VfGH in Polen beurteilt EuGH-Anordnung als nicht bindend

Der Konflikt zwischen Polen und der EU über die Reform des polnischen Justizsystems spitzt sich weiter zu. Das Verfassungsgericht in Warschau urteilte gestern, die Anwendung einstweiliger Verfügungen des Europäischen Gerichtshofs (EuGH), die sich auf das Gerichtssystem des Landes beziehen, sei nicht mit Polens Verfassung vereinbar. Konkret geht es um die umstrittene Disziplinarkammer des polnischen obersten Gerichts, an deren Unparteilichkeit es Zweifel gibt.

Der EuGH hatte bereits in einer einstweiligen Verfügung im April 2020 entschieden, dass die seit 2018 existierende Disziplinarkammer des obersten Gerichts ihre Arbeit zunächst aussetzen müsse, weil sie möglicherweise nicht politisch unabhängig sei. Ein endgültiges Urteil in dieser Sache will der EuGH morgen treffen.
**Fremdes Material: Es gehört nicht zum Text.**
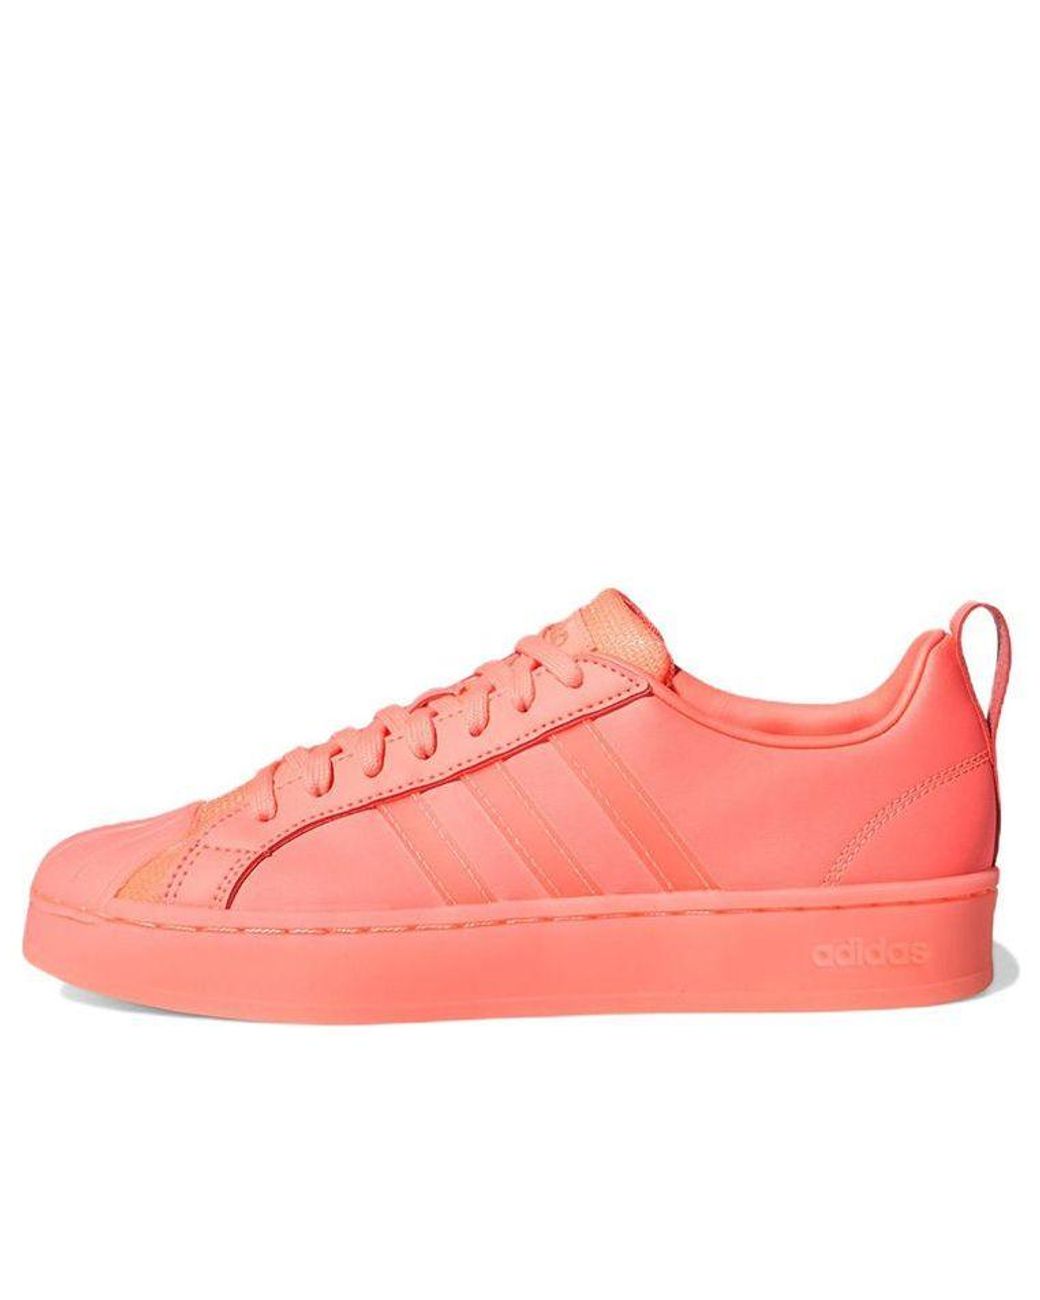 adidas Neo Streetcheck in Pink | Lyst

Trotz dieser Anordnung blieb die Disziplinarkammer weiter aktiv.

Wenige Stunden vor der Verkündung des Urteils des polnischen Verfassungsgerichts, ließ der EuGH noch eine weitere einstweilige Verfügung folgen: Darin wird Polen aufgefordert, die Bestimmungen auszusetzen, mit denen die Disziplinarkammer ermächtigt wird, über Anträge auf Aufhebung der richterlichen Immunität sowie über Fragen zur Beschäftigung und Pensionierung von Richtern zu entscheiden.

Polen sieht EU bei Justiz nicht zuständig

Das polnische Verfassungsgericht urteilte jedoch, die Vorschrift der EU-Verträge, auf deren Basis der EuGH seine einstweiligen Verfügungen erlasse, seien nicht konform mit der Verfassung. Die EU könne ihre Mitgliedsstaaten nicht bei der Schaffung von Regelungen zum Justizsystem und der Garantie der richterlichen Unabhängigkeit ersetzen.
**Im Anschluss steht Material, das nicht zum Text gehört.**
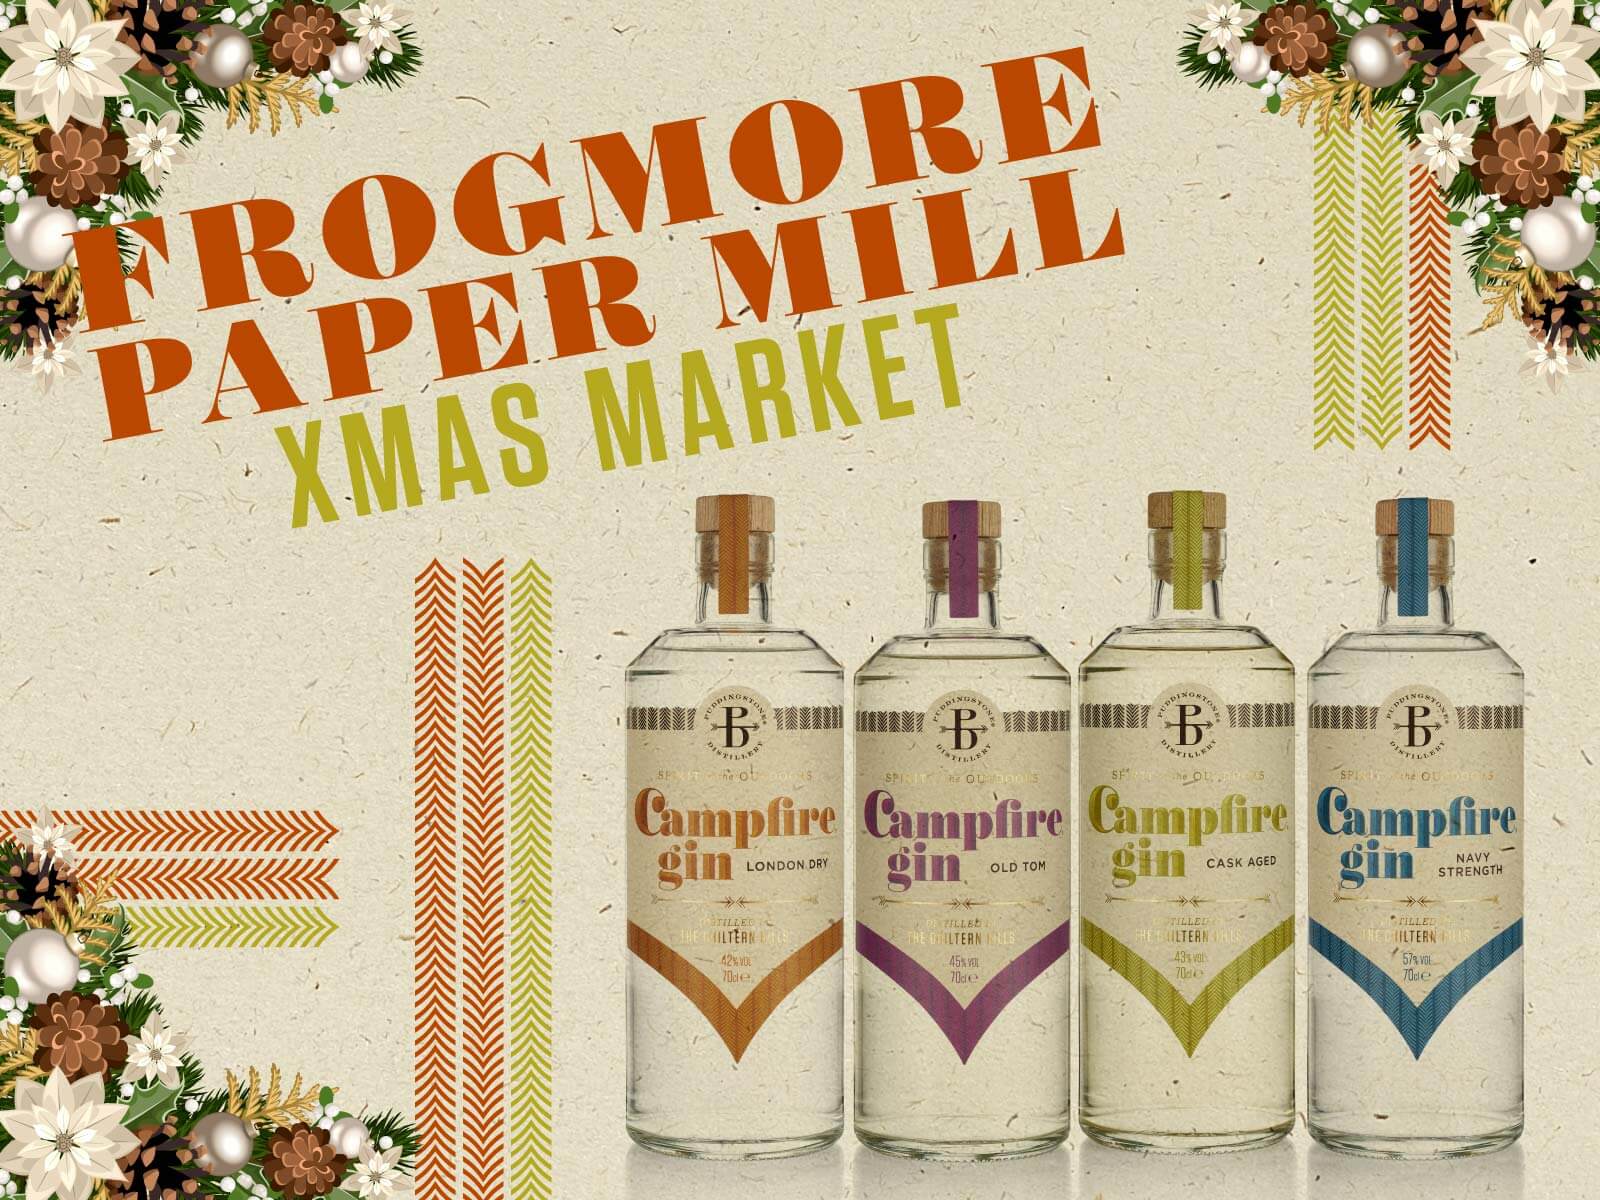 Frogmore Paper Mill Christmas Market

Polens nationalkonservative PiS-Regierung baute in den vergangenen Jahren das Justizwesen um. Die EU-Kommission eröffnete wegen strittiger Reformen bereits mehrere Vertragsverletzungsverfahren gegen die Regierung in Warschau und reichte Klagen beim Europäischen Gerichtshof (EuGH) ein.